You can use the argparse package to easily turn a python script into a command-line program

This is an applied example of using argparse to build a small command-line program from a python script. I use argparse for every python script I make because working with NGS data, I spend all of my time on the command-line. Making your python scripts into command-line programs makes them much easier to use and lets them fit neatly into a pipeline of other tools.

For quick reference, here is some boilerplate you can copy for your own scripts:
Create a text file (open, nano, vim, or sublime depending on what you have for a text editor) and name it fasta_to_fastq.py

#! /usr/bin/env python
import argparse

def run(args):
	filename = args.input # these match the "dest": dest="input"
	output_filename = args.output # from dest="output"
	qual = args.quality_score # default is I

	# Do stuff


def main():
	parser=argparse.ArgumentParser(description="Convert a fastA file to a FastQ file")
	parser.add_argument("-in",help="fasta input file" ,dest="input", type=str, required=True)
	parser.add_argument("-out",help="fastq output filename" ,dest="output", type=str, required=True)
	parser.add_argument("-q",help="Quality score to fill in (since fasta doesn't have quality scores but fastq needs them. Default=I" ,dest="quality_score", type=str, default="I")
	parser.set_defaults(func=run)
	args=parser.parse_args()
	args.func(args)

if __name__=="__main__":
	main()

Make the script executable the first time you run it:

chmod +x fasta_to_fastq.py

Then run the script:

  • Default quality score:
    ./fasta_to_fastq.py -in file.fasta -out file.fastq
  • Setting a custom quality score:
    ./fasta_to_fastq.py -in file.fasta -out file.fastq -q G

Check out the documentation for argparse.

Here’s a full script showing argparse in action:

Let’s make a python script that converts fastA to fastQ

FastA files contain sequence data, while fastQ contains sequence data plus quality scores. Therefore if you have a tool that requires fastQ files and you only have fastA files, you will have to make up the quality scores.

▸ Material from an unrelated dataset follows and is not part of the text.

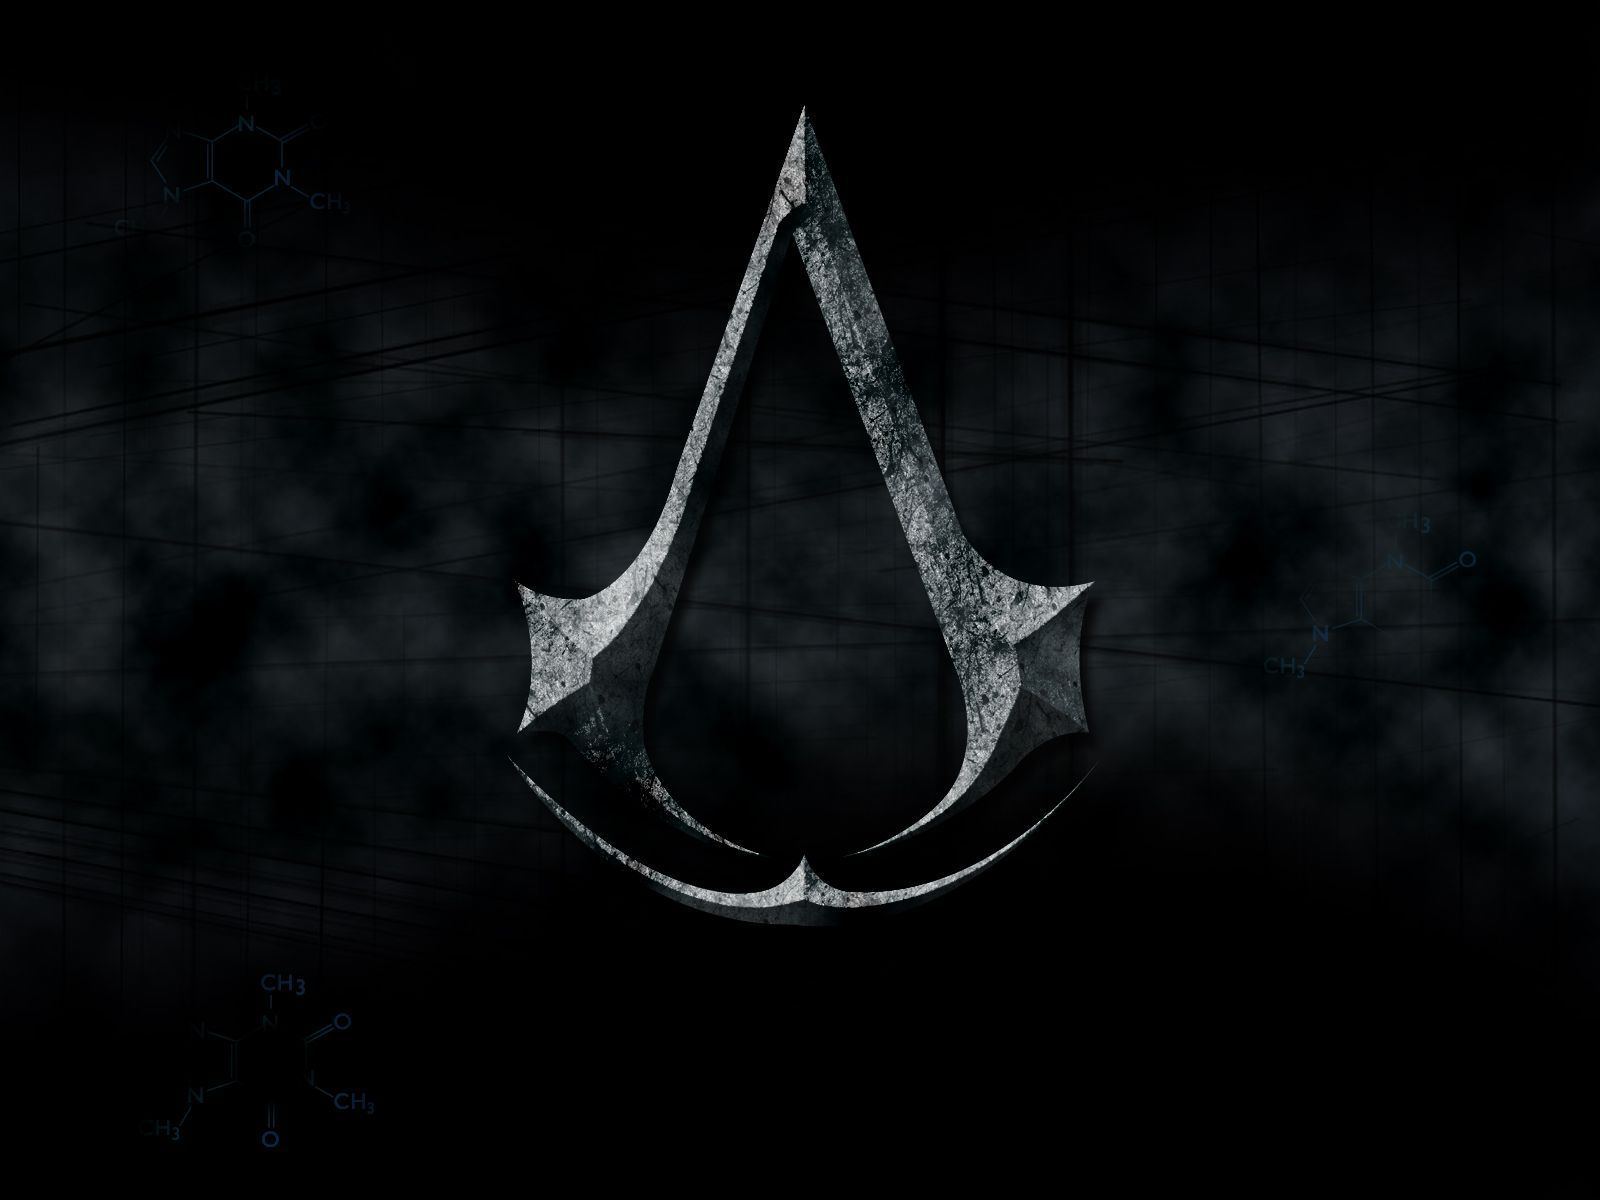 Assassins Creed Wallpapers Hd Wallpaper 1920 1080 Assassin Creed Backgrounds 21 Wallpa Assassin S Creed Wallpaper Assassins Creed Logo All Assassin S Creed

Just make sure the quality scores are not actually used by the tool, and if they are, try to recover the original fastQ files.

FastQ files typically contain sequencing data such as raw reads where the quality scores say something about how sure the sequencer is about the base it picked for that specific location. FastA files are more commonly used for storing assemblies, which don’t have any relevant quality scores on a single-base level.

FastA files look like this (sequences shortened):

>chr1 additional info
AATGTGTAATTTGAATCAATTTCTATCCTTTTAAAAATACATCATAAAGTGTACTTTTTT
TTAGTTATTAAAGGATTAATTATGGATTGCTAACCAGTTAATATTAAGAGGAAGAAGGAT

Each line that starts with a “>” contains the name of the sequence (usually a chromosome or contig from an assembly), and there are many lines of sequence after it.

FastQ files look like this (sequences shortened):

@D00777:42:HF5YNBCXX:1:1101:1244:2123 1:N:0:1
NAGGACTGTGTGACTATTGACGTCCTTCCCCGTACGCCGGGCAATAATGTTTATGTTGGTTTCATGGTTTG
+
CGHHIIIIIHGHIHHIHHHHHHIHIHHIIIIIIIIIIIHHIIIHGFHGEFHHIIIEHHEEHIHIIIEHIHH

To make the fastA file into a fastQ file, we need to make 4 rows for each “>” in the fastA file.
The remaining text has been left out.